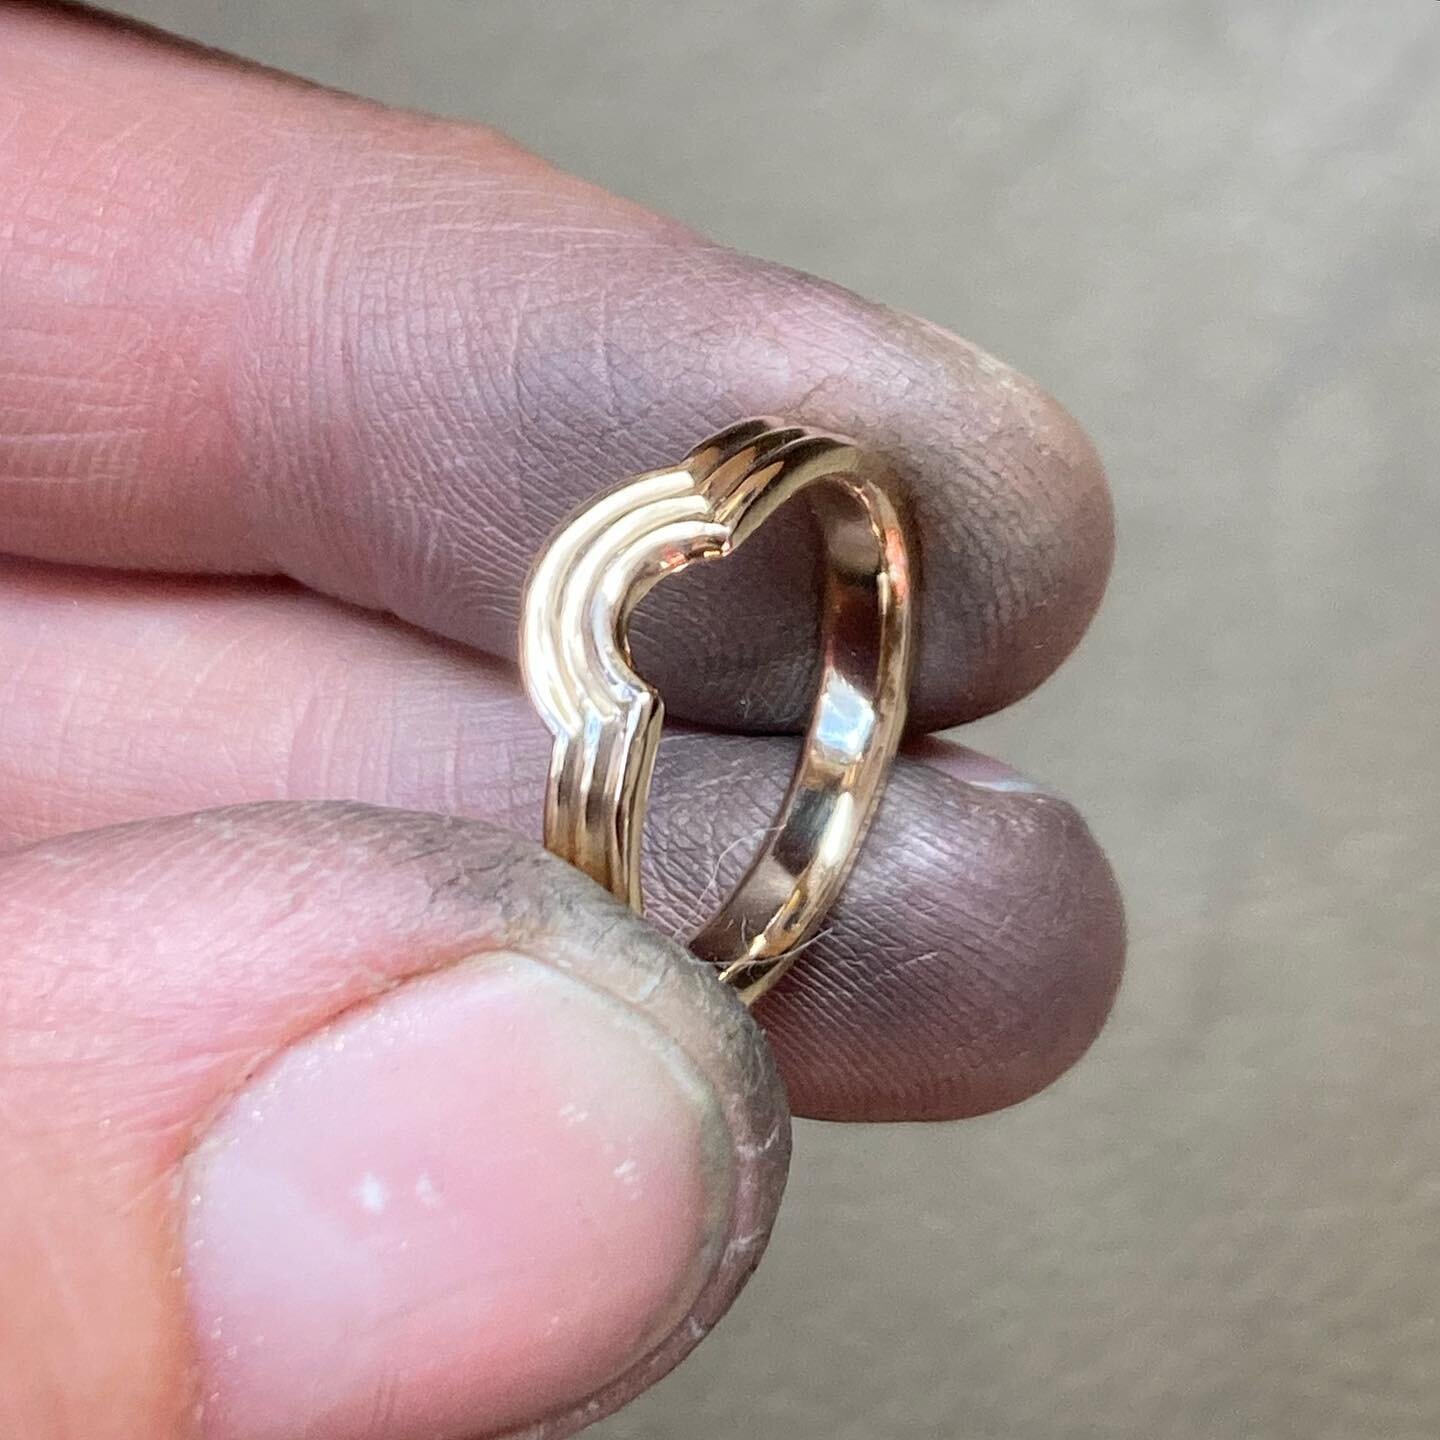 Recently finished contoured wedding ring for the incredibly patient @sangeeta_banerjee. Sangeeta came to one of my London workshops a few years ago and was kind enough to remember me when her partner Asa popped the question. They wanted to use some i
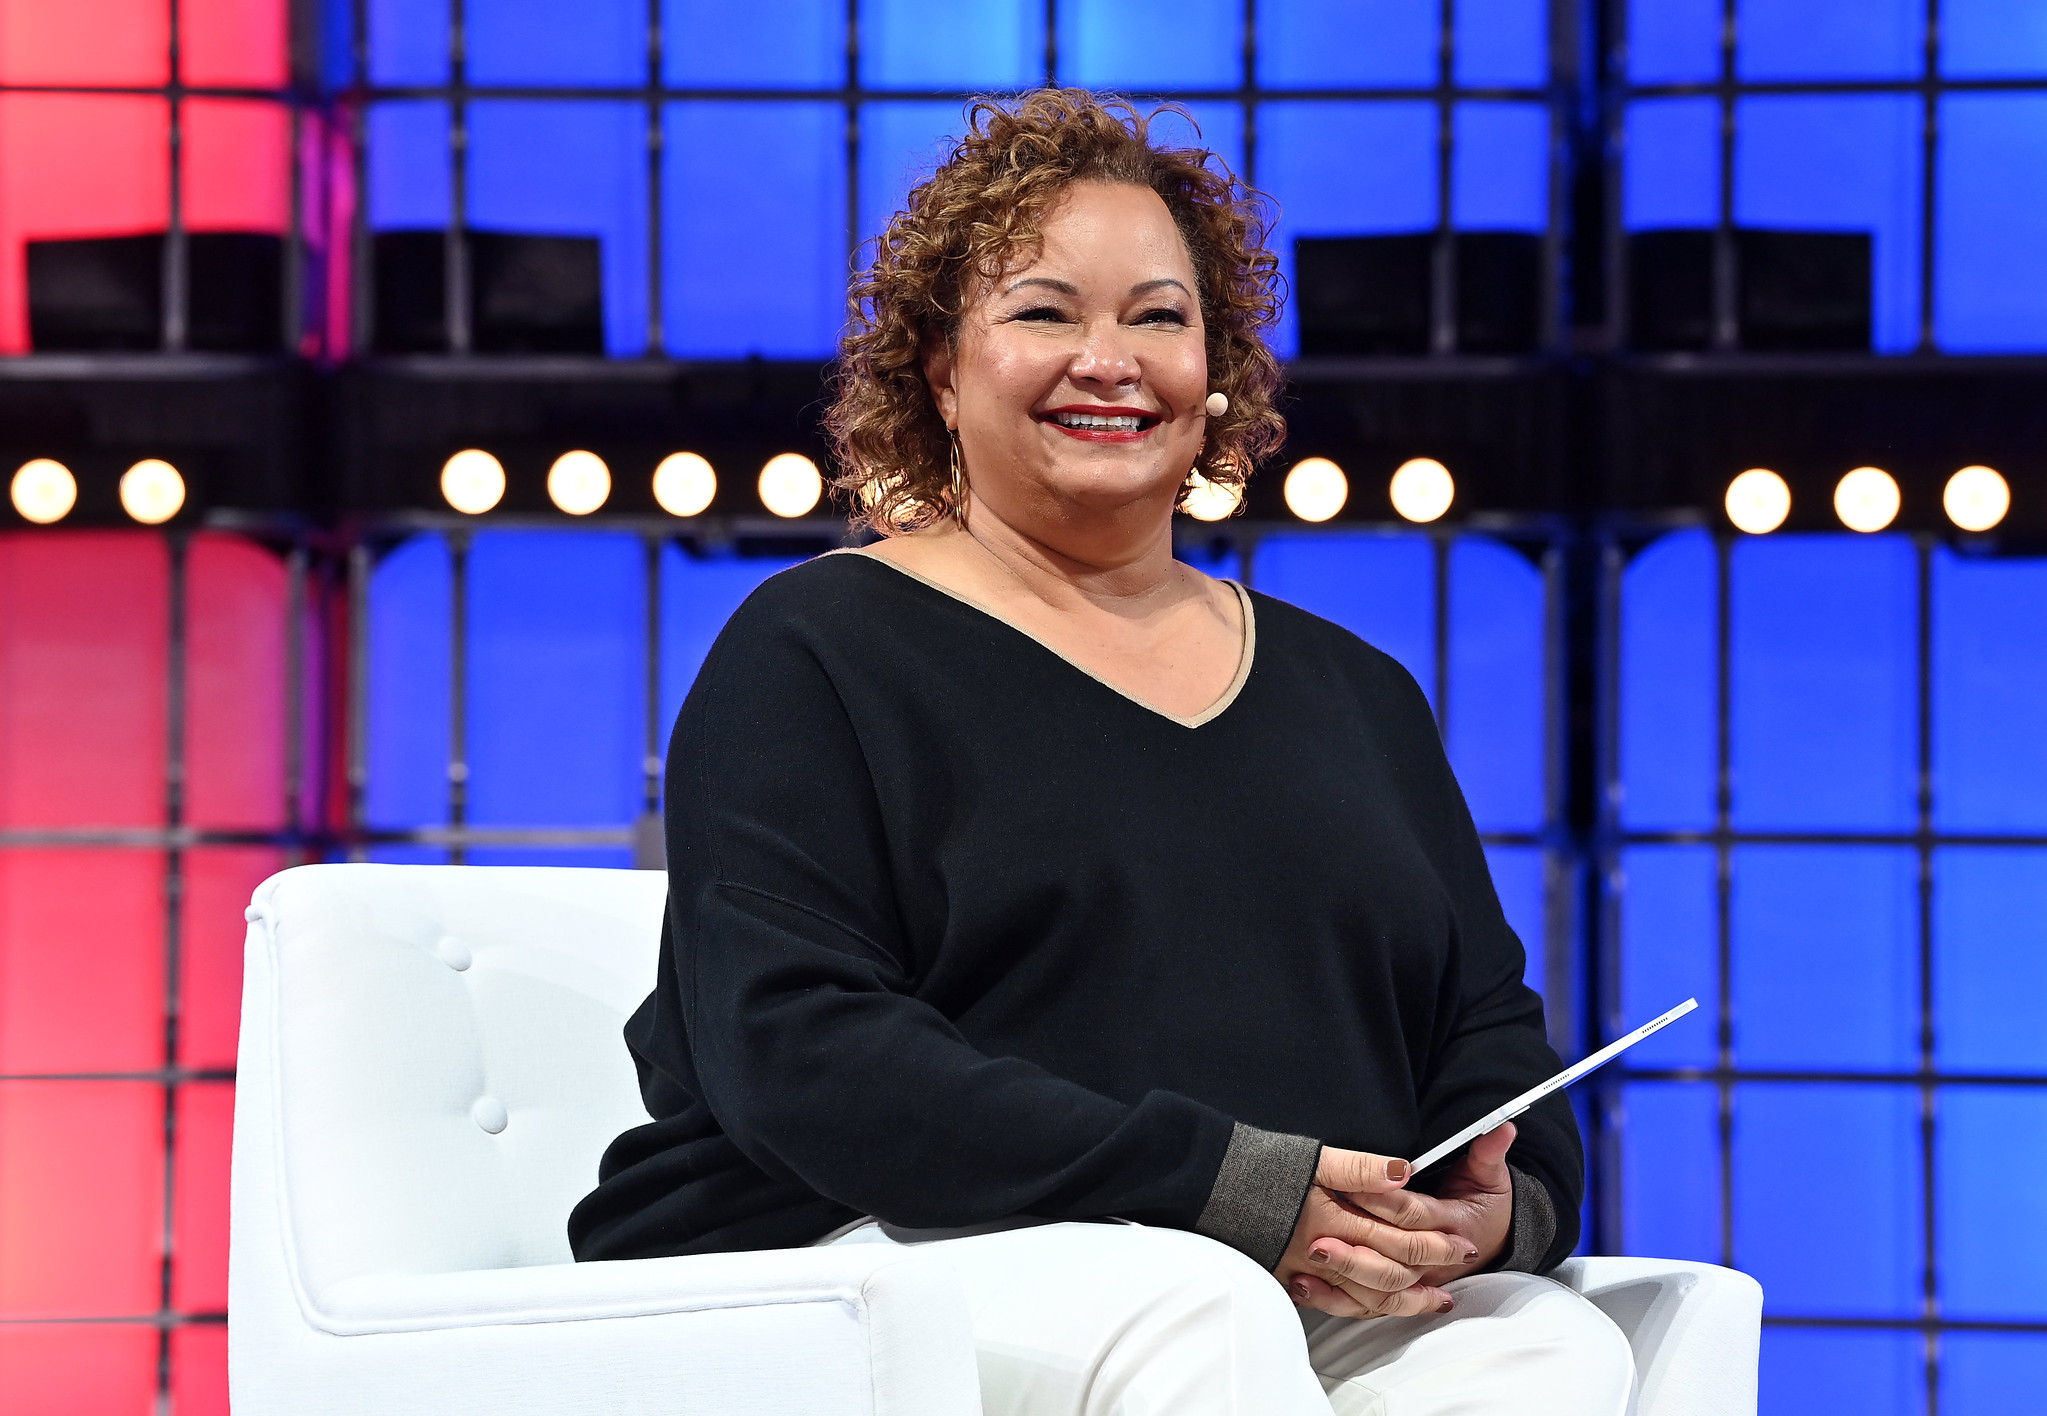 A photograph of Lisa Jackson, VP of environment, policy and social initiatives at Apple, speaking on stage at Web Summit. Lisa is sitting on a chair and appears to be holding a tablet or piece of paper. Lisa is smiling, and is wearing an on-ear microphone.
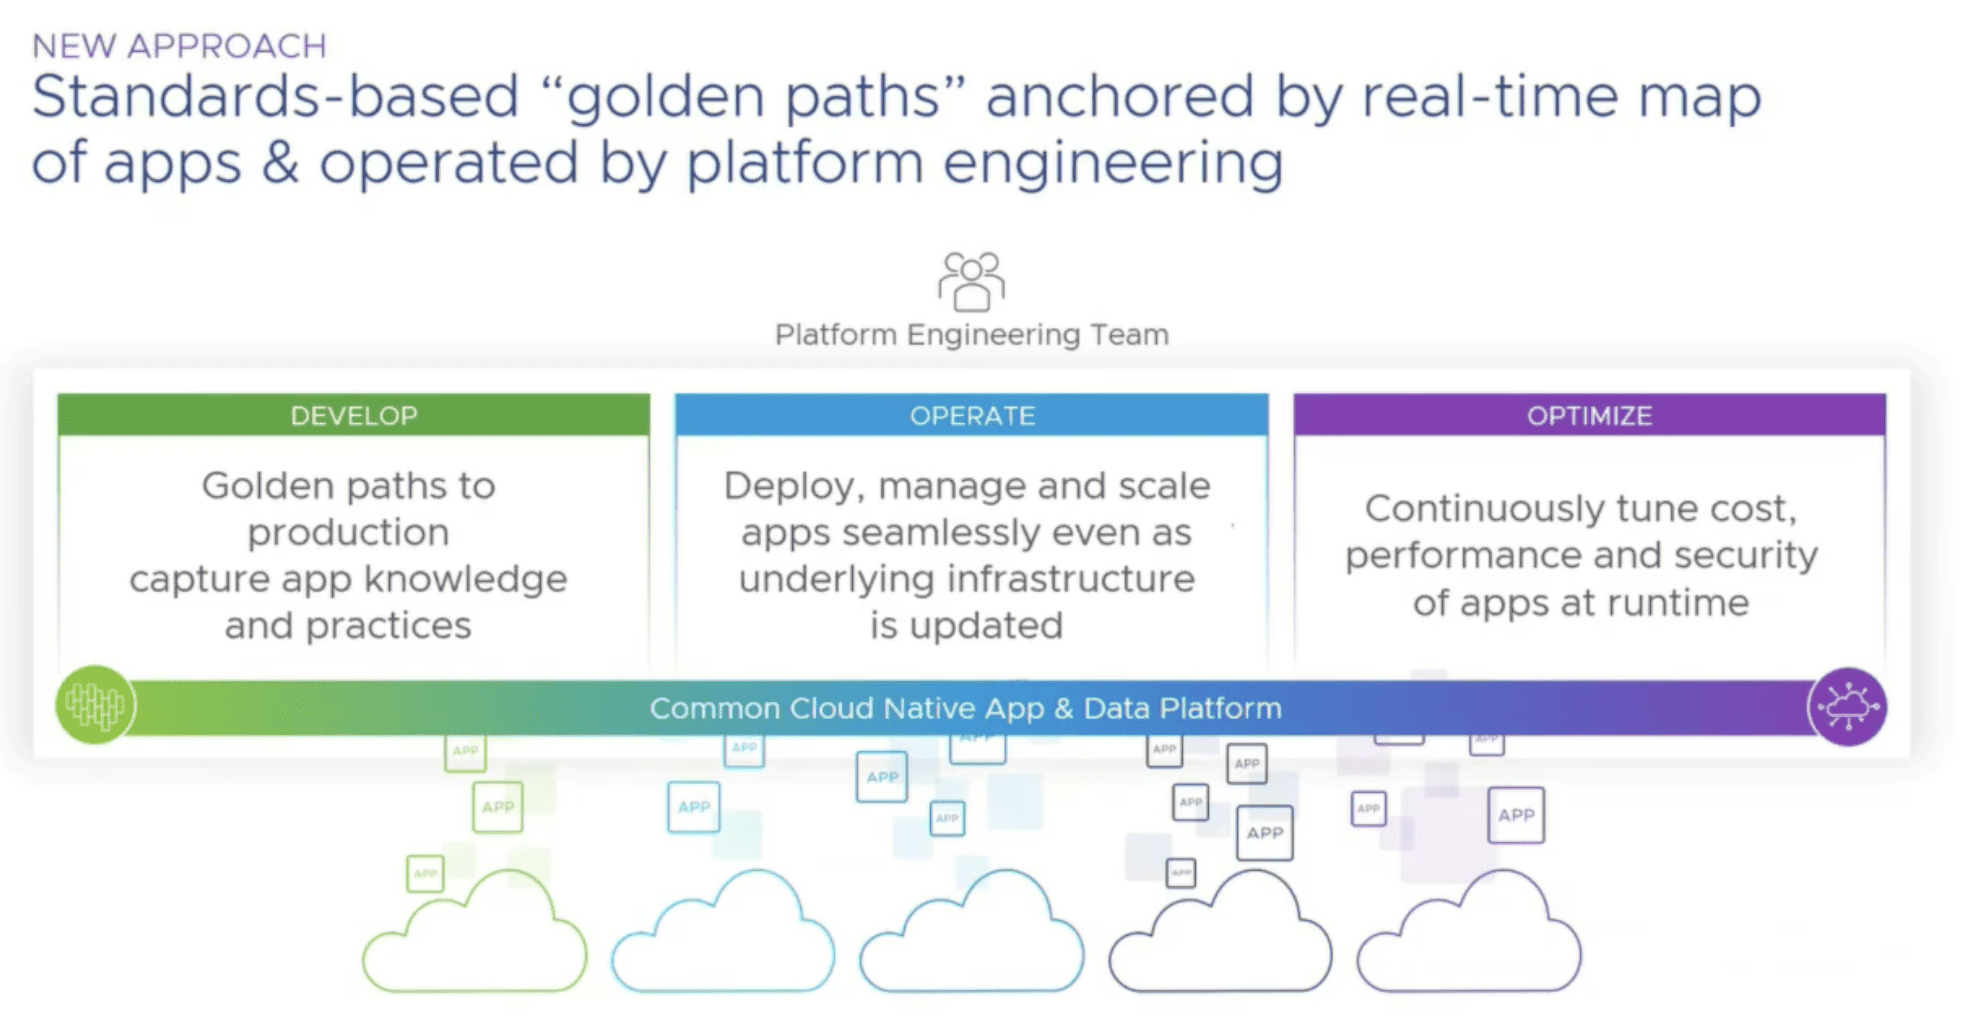 1. Develop – Golden paths to production capture app knowledge and practices 2. Operate – Deploy, manage and scale apps seamlessly even as underlying infrastructure is updated. 3. Optimize – Continuously tune cost, performance and security of apps at runtime.
-----
* TASK:
Please print the lines exactly, from the top of the material through the line with "A photograph of", and omit the pictures.

* RESULT:
 Recently finished contoured wedding ring for the incredibly patient @sangeeta_banerjee. Sangeeta came to one of my London workshops a few years ago and was kind enough to remember me when her partner Asa popped the question. They wanted to use some i
 A photograph of Lisa Jackson, VP of environment, policy and social initiatives at Apple, speaking on stage at Web Summit. Lisa is sitting on a chair and appears to be holding a tablet or piece of paper. Lisa is smiling, and is wearing an on-ear microphone.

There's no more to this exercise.